# Data section:
------------------------

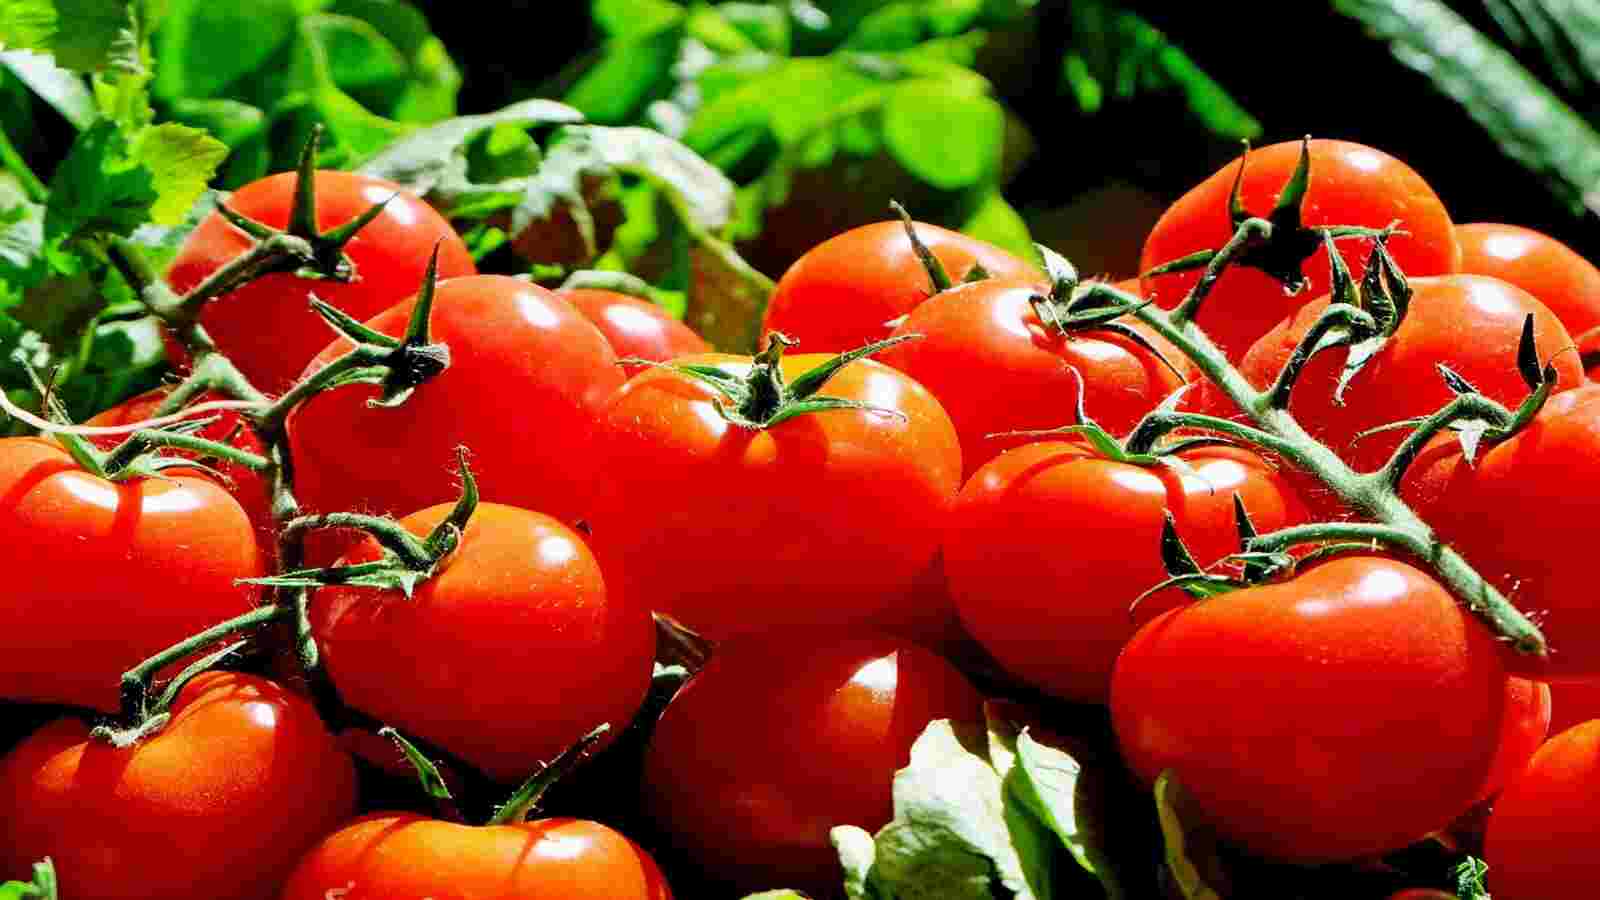 Tomato Health Benefits रोजाना टमाटर के सेवन करने से आपको मिलेंगे ये चमत्कारी फायदे (Image Credit: Pixabay)
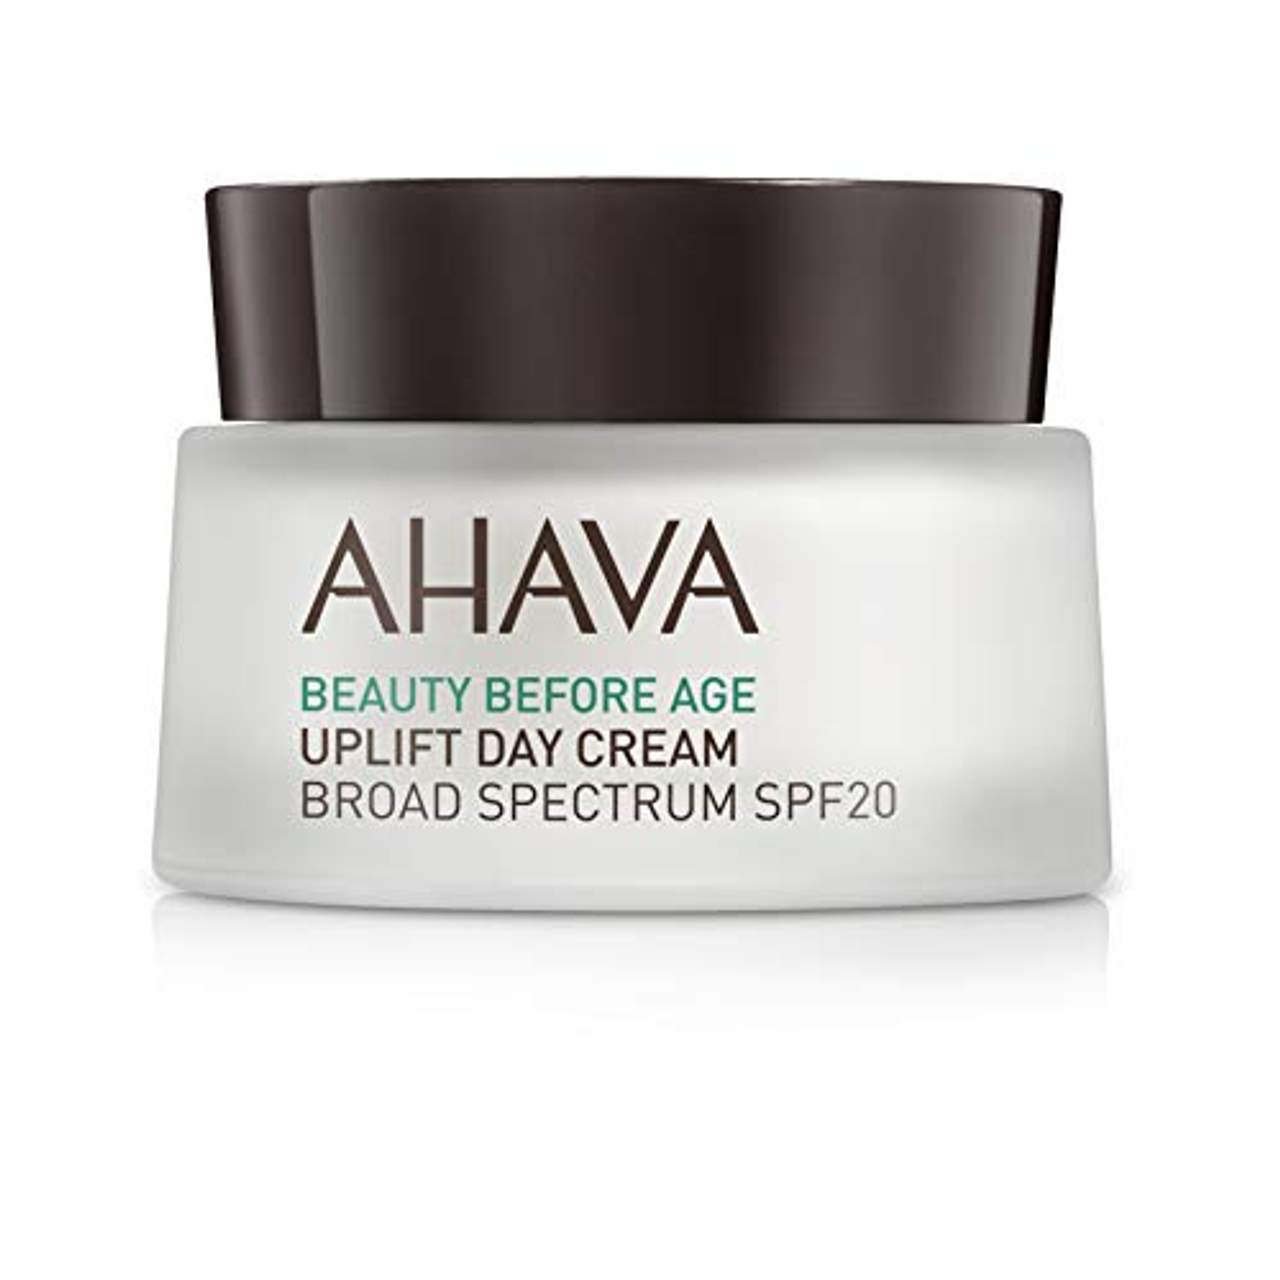 Ahava Beauty Before Age Uplift Day Cream
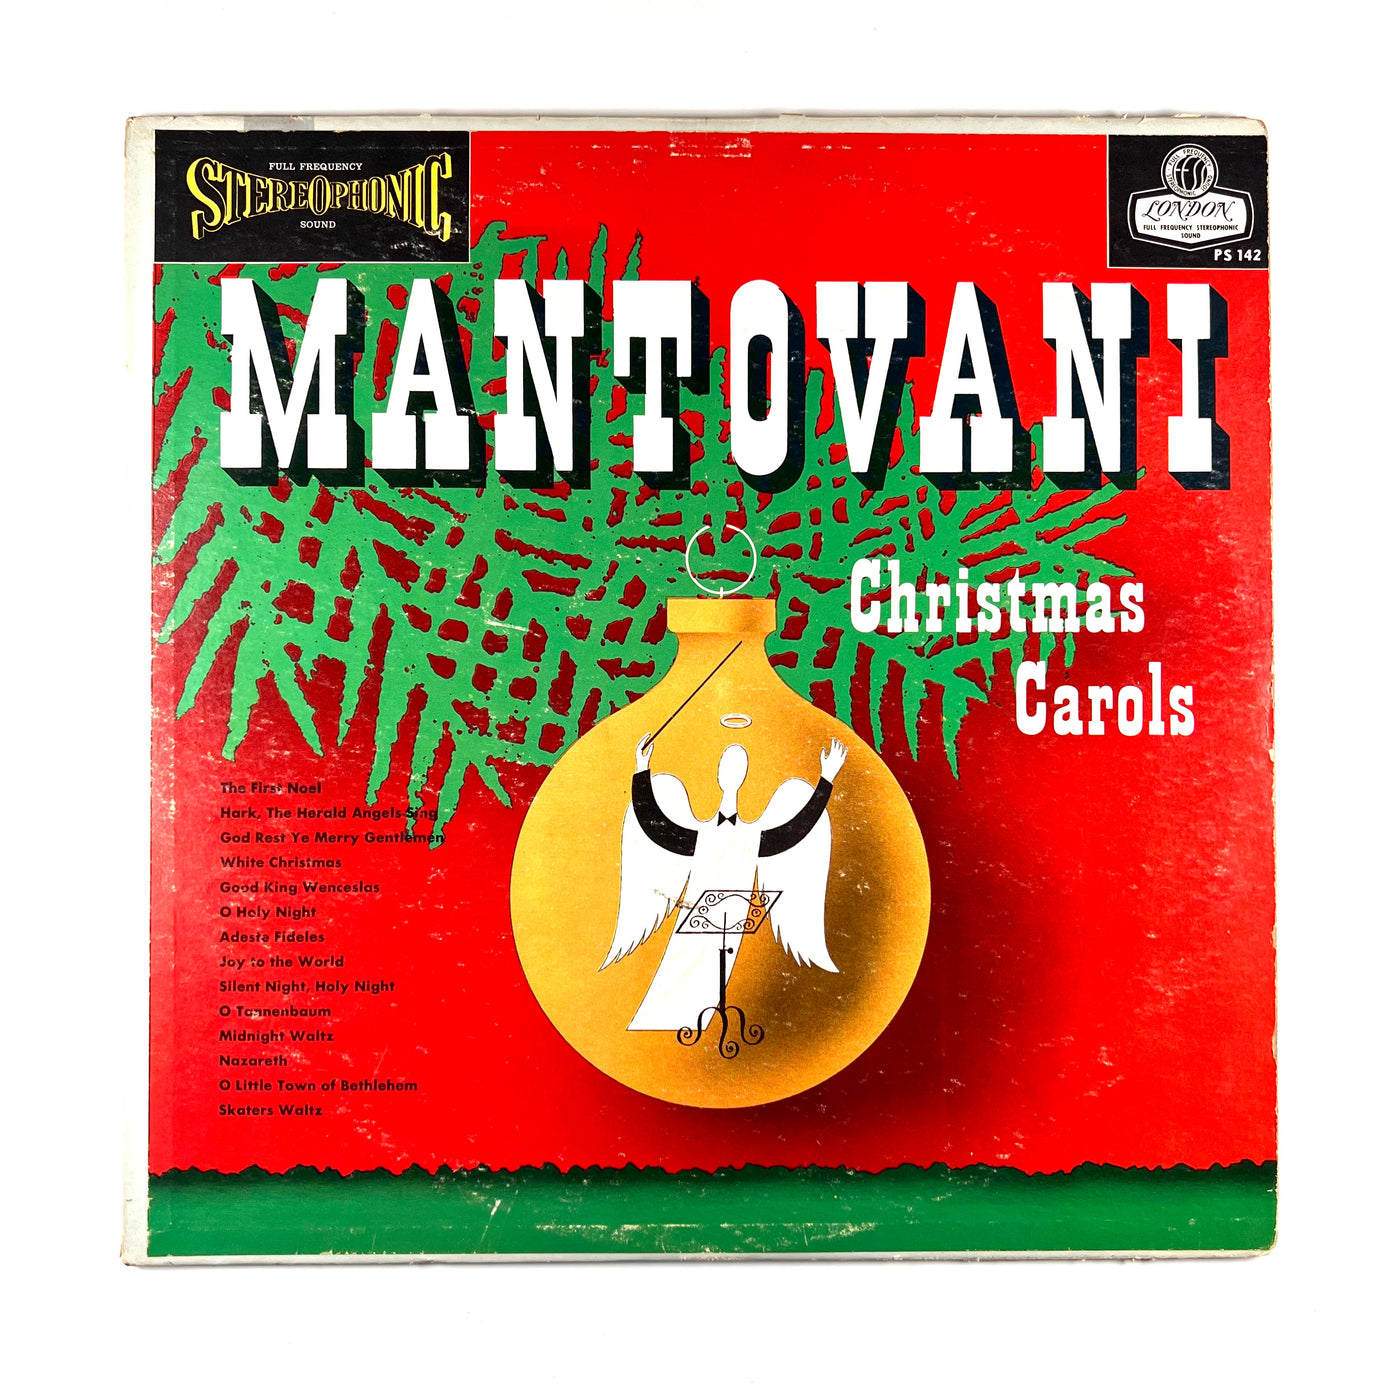 Mantovani And His Orchestra - Mantovani Christmas Carols
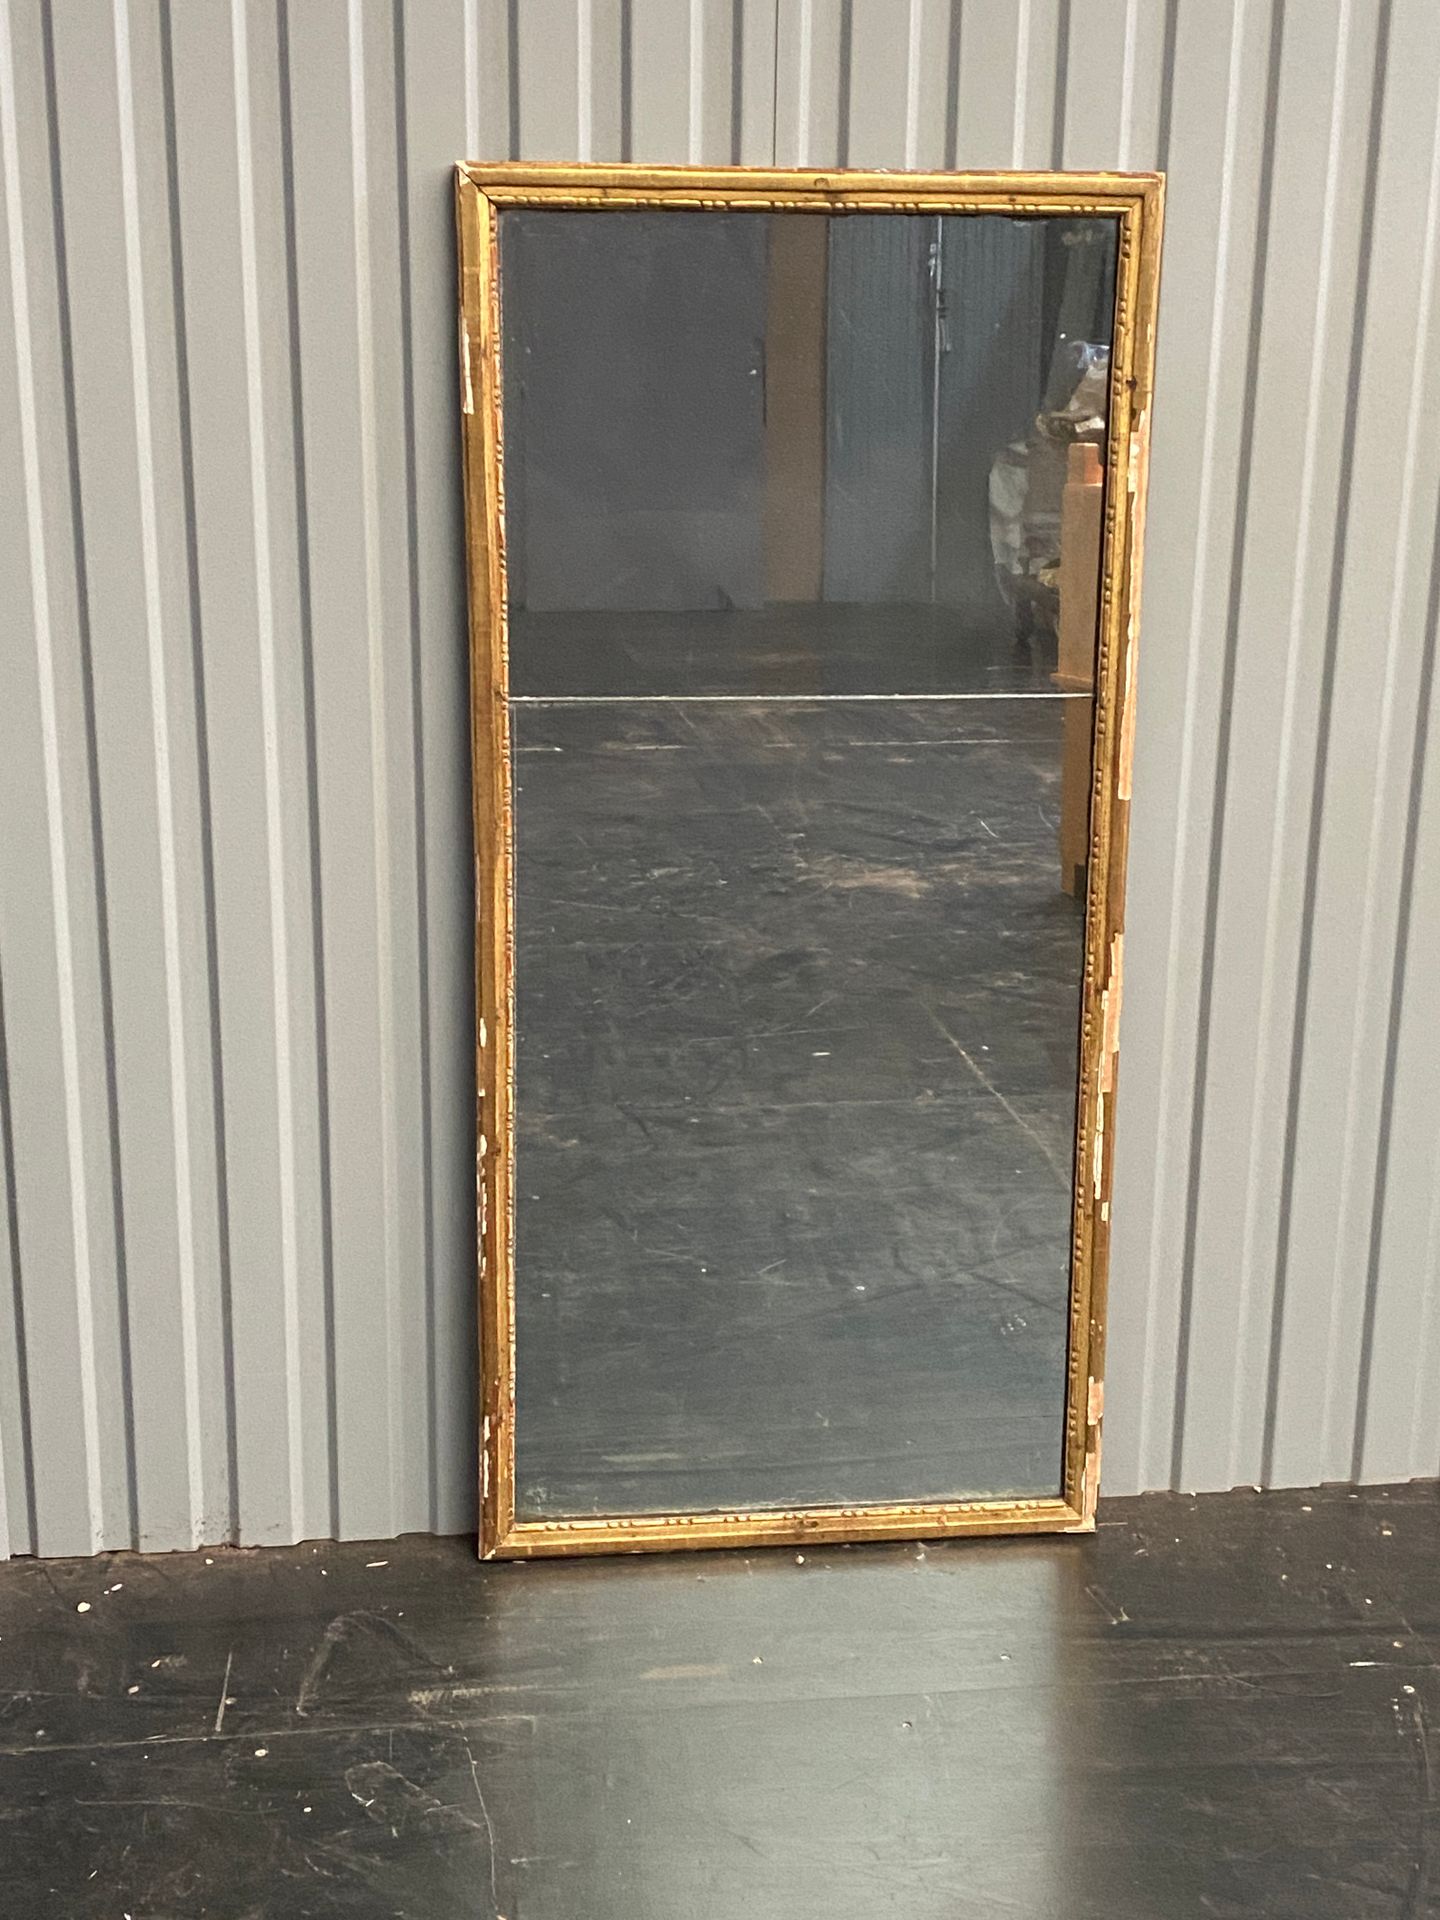 Null Espejo rectangular con marco dorado

Accidentes

H : 136 - W : 64 cm

------------------------

# Problem:
The records above should be returned exactly, with only their pictures held back.

# Solution to the problem:
 Tomato Health Benefits रोजाना टमाटर के सेवन करने से आपको मिलेंगे ये चमत्कारी फायदे (Image Credit: Pixabay)
 Ahava Beauty Before Age Uplift Day Cream
 Mantovani And His Orchestra - Mantovani Christmas Carols
 Null Espejo rectangular con marco dorado

Accidentes

H : 136 - W : 64 cm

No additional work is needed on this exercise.